Statalist The Stata Listserver


[Date Prev][Date Next][Thread Prev][Thread Next][Date index][Thread index]

Re: st: how to handle missing observations in a regression model


From   Maarten buis <maartenbuis@yahoo.co.uk>
To   statalist@hsphsun2.harvard.edu
Subject   Re: st: how to handle missing observations in a regression model
Date   Tue, 5 Sep 2006 11:32:26 +0100 (BST)

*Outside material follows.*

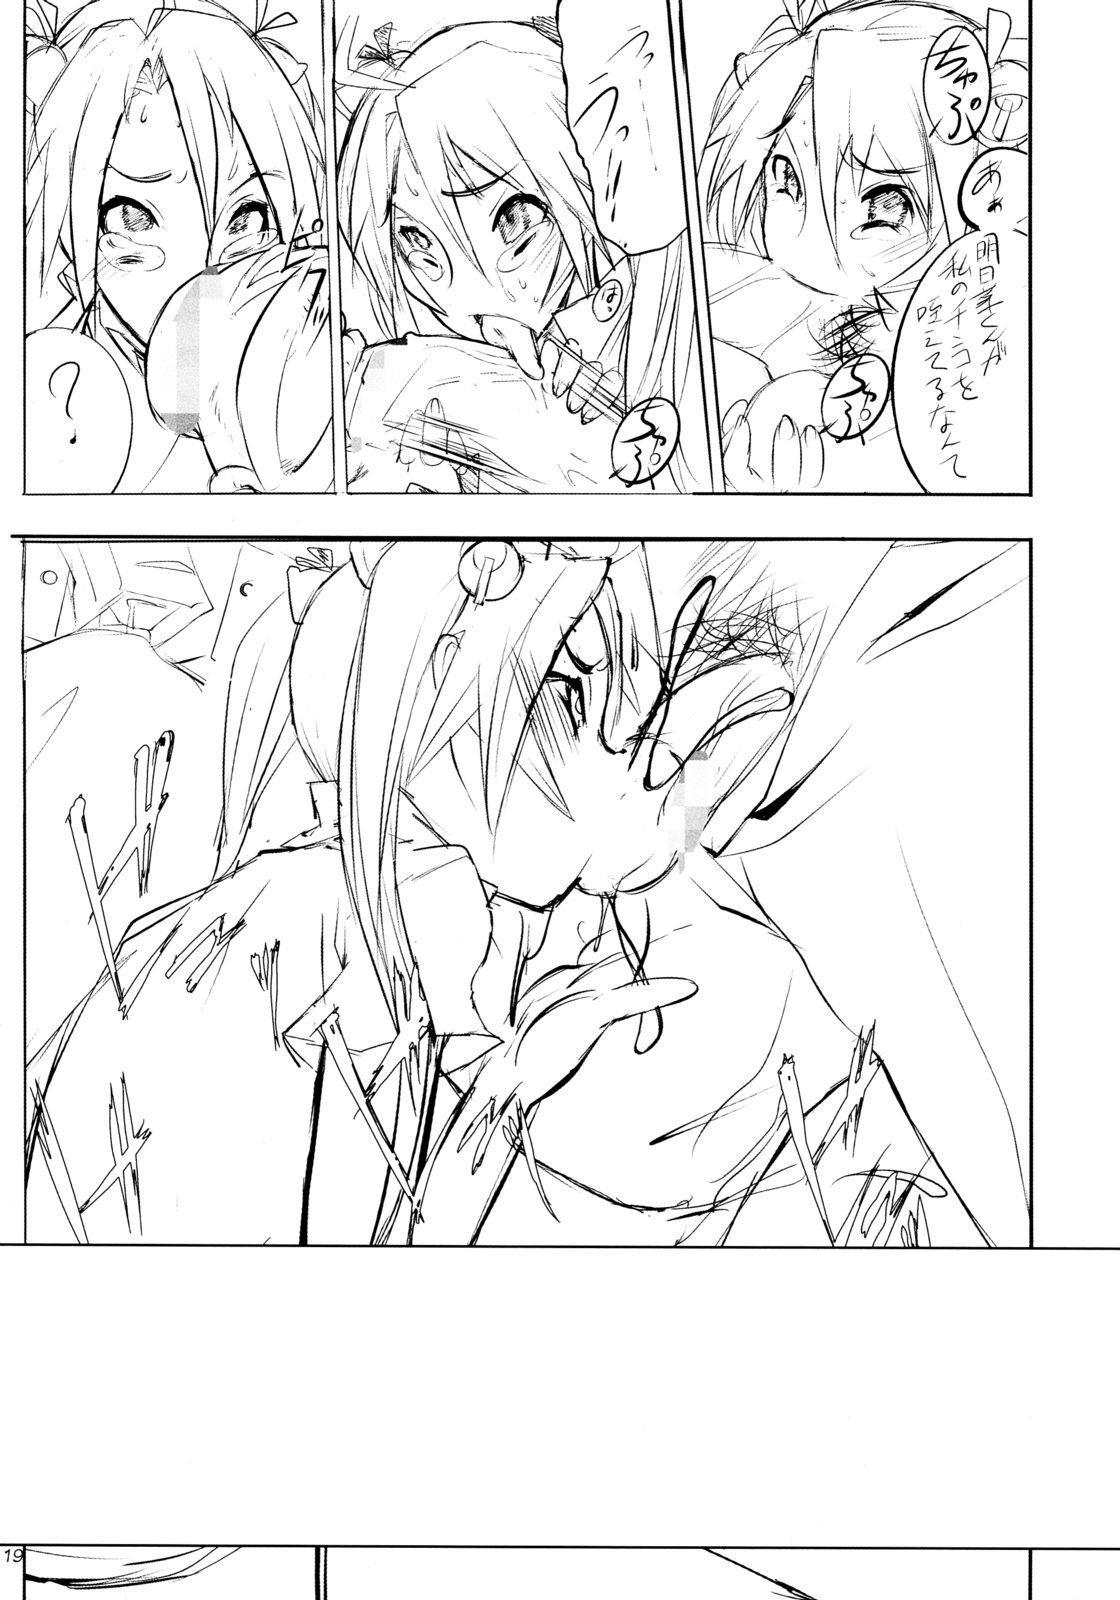 Ayase Yue to Miyazaki Nodoka no Chijou. 17

--- Simo Hansen <simohansen@gmail.com> wrote:
> I am using moter's years of schooling and father's years of schooling
> as explanatory variables in my regression model. I also creata a 
> dummy indicators for whether mother's and father's years of schooling
> are missing. <snip> When I run the following regression:
> reg childedyrs dadeduc moteduc misdaded mismoted, 
> Stata drops two dummy indicators for whether parents' schooling is
> missing.

Stata (and most other stats packages) ignore observations with missing
values on either the dependent or independent variables. So Stata sees
the variabel misdaded and mismoted only if both are observed and in
that case the dummies will only have the values 0, and is thus a
constant and is thus dropped. The conventional way of dealing with this
is to replace daded and moded with the mean value if it is missing.
Supposedly the dummies no measure how much the child's education
deviates from the mean if the child has missing values on mother's and
father's education respectively. 

However, this approach leads to biased estimates and your problem is
likely to be a worst case scenario for this approach. For simplicity,
assume that mother's education is completely observed, so the
regression equation is:
childedyrs = b0 + b1*dadeduc + b2*moteduc + b3*misdaded 

if father's education is observed the regression becomes:
childedyrs = b0 + b1*dadeduc + b2*moteduc + b3*0
childedyrs = b0 + b1*dadeduc + b2*moteduc 

if father's education is missing the regression equation becomes:
childedyrs = b0 + b1*dadeduc + b2*moteduc + b3*1
but now notice that dadeduc is now a constant: for these cases they
were all replaced by the mean value so we now have a constant equal to
b0 + b1*dadeduc + b3. Call this constant b0'. So we can rewrite the
regression equation as:
childedyrs = b0' + b2*moteduc 

So the effect of mother's education is the effect controlled for
father's education if father's education is observed, and the effect
not controlled for father's education if father's education is not
observed. The parameter you will find is some weighted average of these
two effects. The ``uncontrolled'' effect gets more weight as the
proportion of missing values increases. The ``controlled'' and
``uncontrolled'' effects are more different if father's and mother's
education are more correlated. In my experience the proportion of
missing values in father's and mother's education tends to be pretty
high and the correlation of levels of education between partners is
amonght the highest nontrivial correlation produced by social
processes. So your problem is a worst case scenario for this method.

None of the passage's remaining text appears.